I would really like to close my eyes and not be scared, This disease is tearing me apart, from the inside outwards, Which the worst thing about it is that, NO-one can see,
I feel like a monster, I sit awake at night when i can't sleep and think over and over about how i feel, what ishould do, how to move forward,
And on no occasion do i become any closer.
One thing that struck me this week though was my little brother (who by the way is 6)
He suffer's with ADHD and asperger's syndrome which is a form ot autism. About 3 weeks ago Daniel who normally loves to be with me and me picking him up from school etc, went very funny with me told me that he didn't like me anymore, Why do i always have to pick him up, He doesn't want me and so which although i know he didnt mean still hurt me.
So this week his mum (Selina) I spoke to him about it whilest they were playing and he told her the reason he didn't like me at the moment was because i was acting differently and not doing things like i used to with him, such as taking him out and playing lego with etc, So although he said absolutely nothing to me about it himself, He must have noticed instantly when my behaviour became worse as he started playing up the day after i went in to hospital after a sucide attempt.
I don't want to hurt him or anyone else, and if there was a way for me to die with out inflicting pain on anyone else i would do it, But i am aware that there is not, but no one is always here, whatever people say, You have to also rely upon yourself and i can not do that at the moment.

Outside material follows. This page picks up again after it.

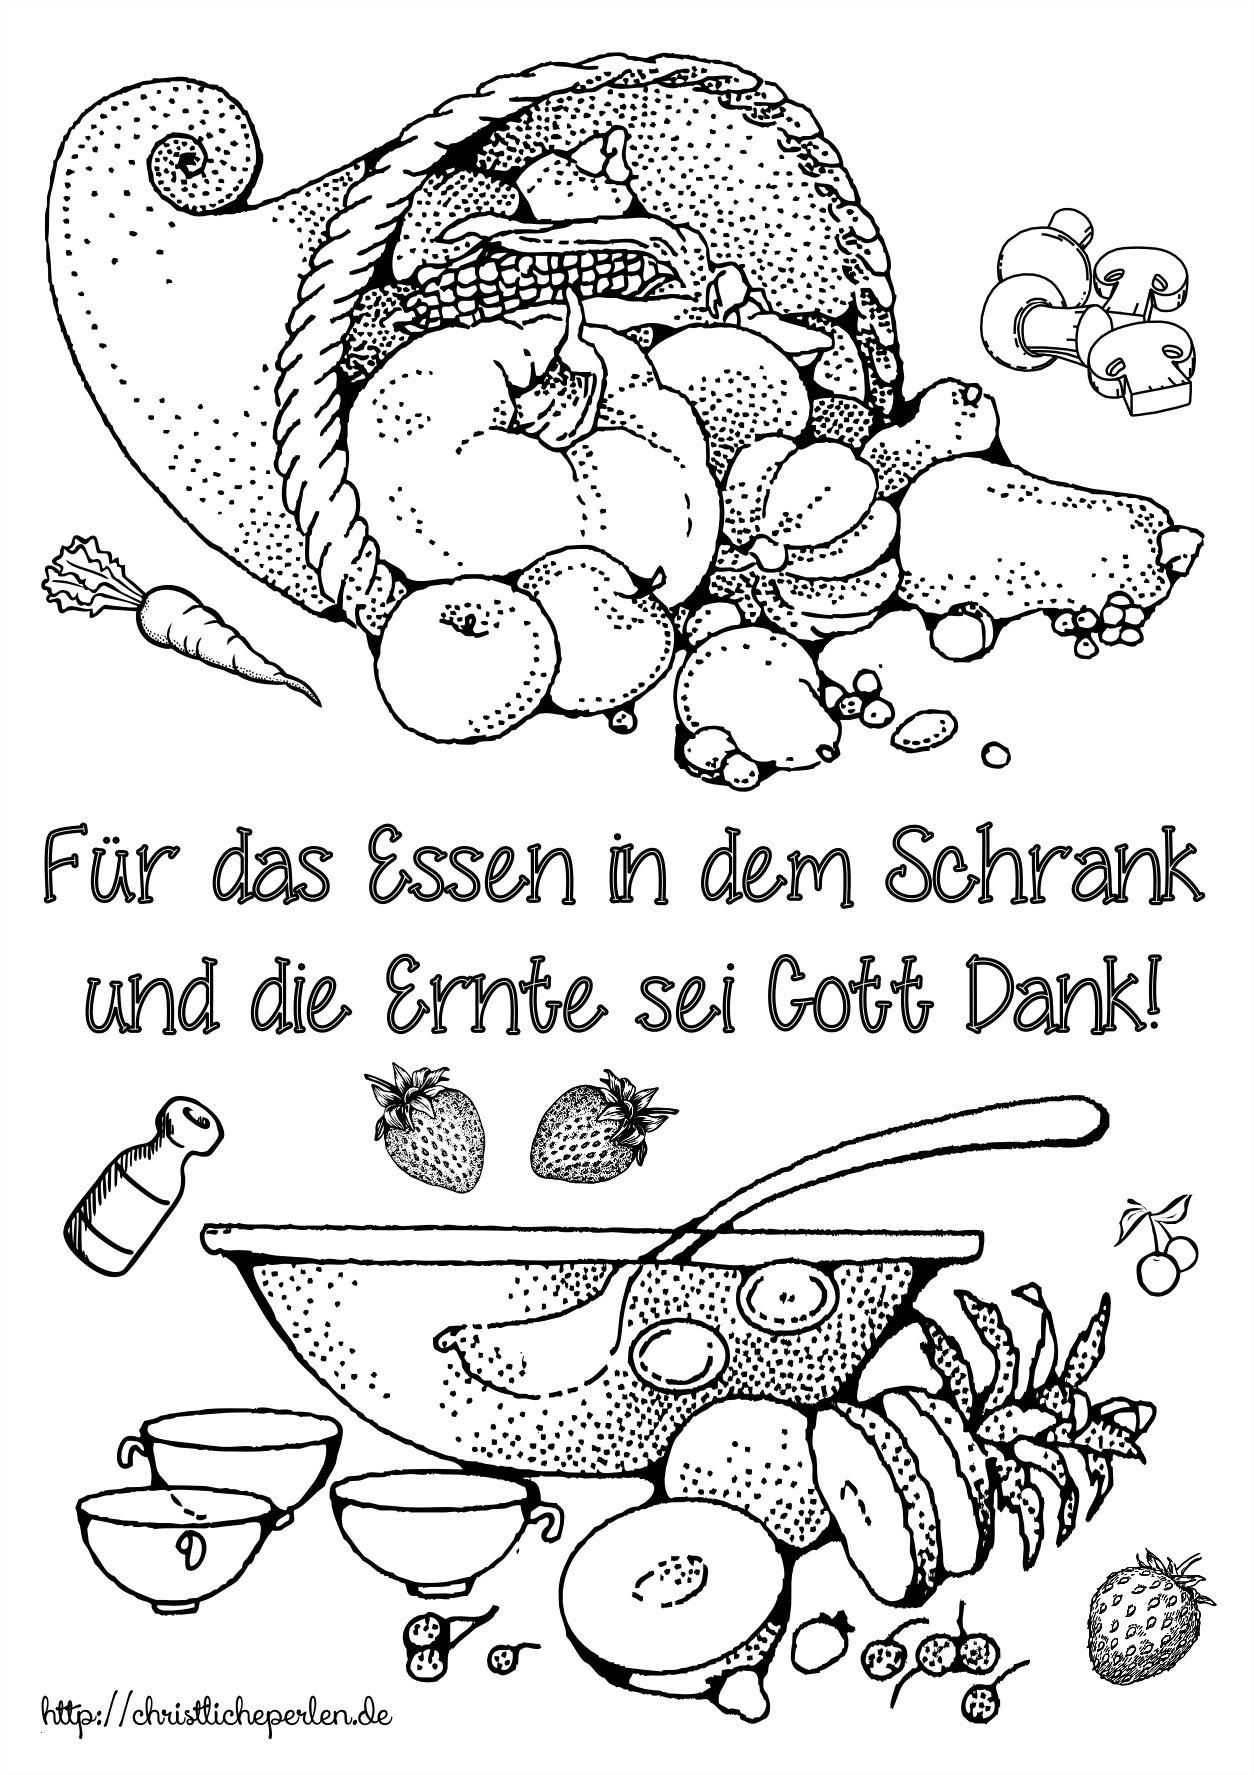 Verkehrserziehung Kindergarten Ausmalbilder Einzigartig Kindergarten Bilder Zum Ausmalen Blendend Malvorlagen Igel Best Igel Stock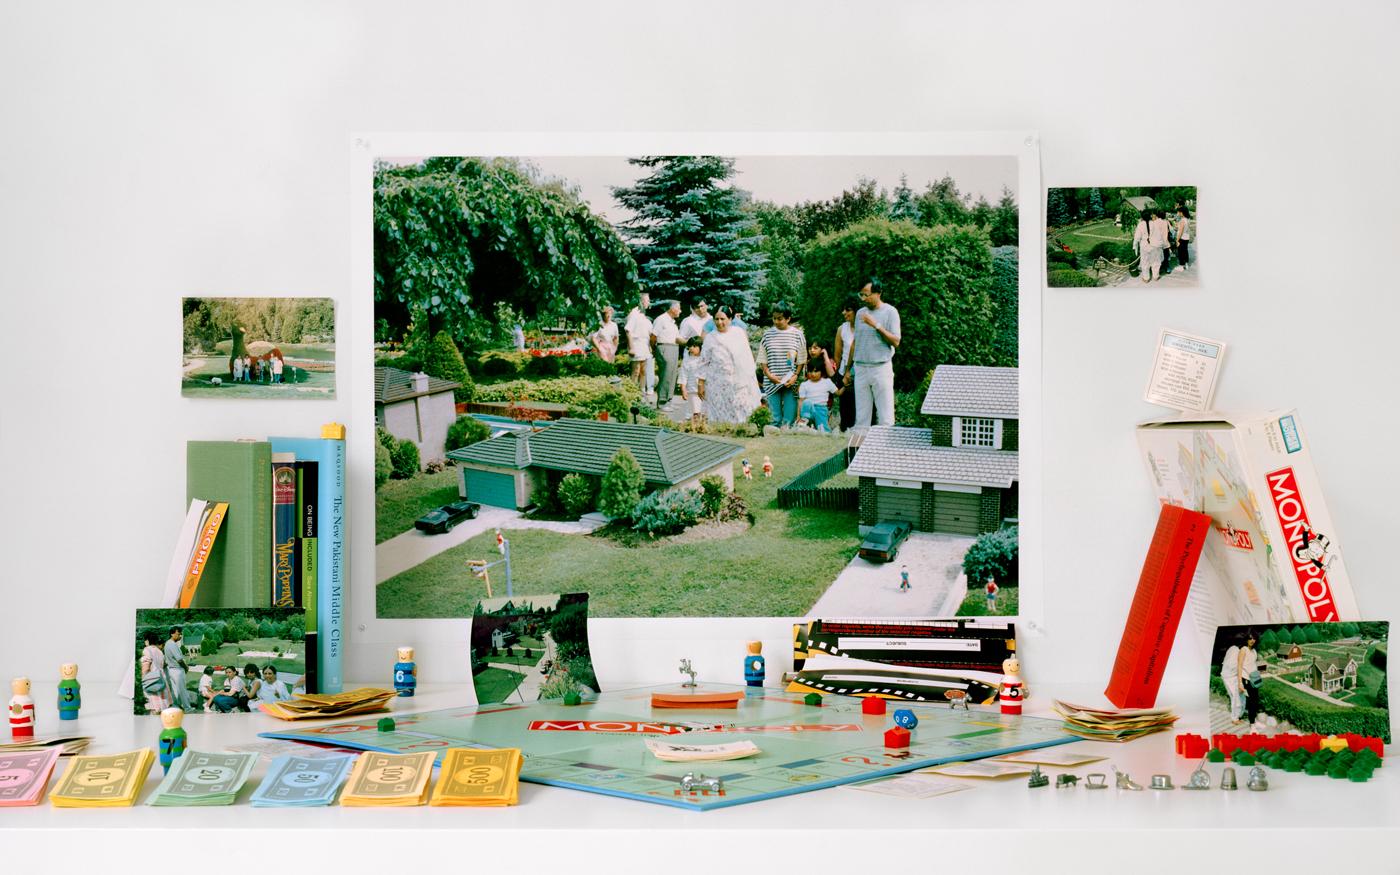 Keep Off the Grass - Cullen Gardens and Miniature Village, 1988 , 2019

I am a failure, in most things that i do.
I just feel like i have accomplished very little in my life, but the thing that is getting to me at the moment is having children, i'm having some physical problems at the moment as well, and i don't want to get in to, to much detail but i am becoming increasing scared that it is never going to happen for me. I also know why i am wanting a child as well, but i dont want to do it on my own, but no man ever seems quite right and if on the rare occasion that he does, he is gone after not much time, i remember my second serious boyfriend, i convinced him to go and meet his daugther who he had never meet and she was nearly a year old. After he meet her he really loved her and was unsure wheater to move and live closer to her, so i asked him what where his reasons for staying here and the only reason he had was for me and i told him to leave, and i wounder if i made a mistake he has since had another child with the same woman and there are engaged!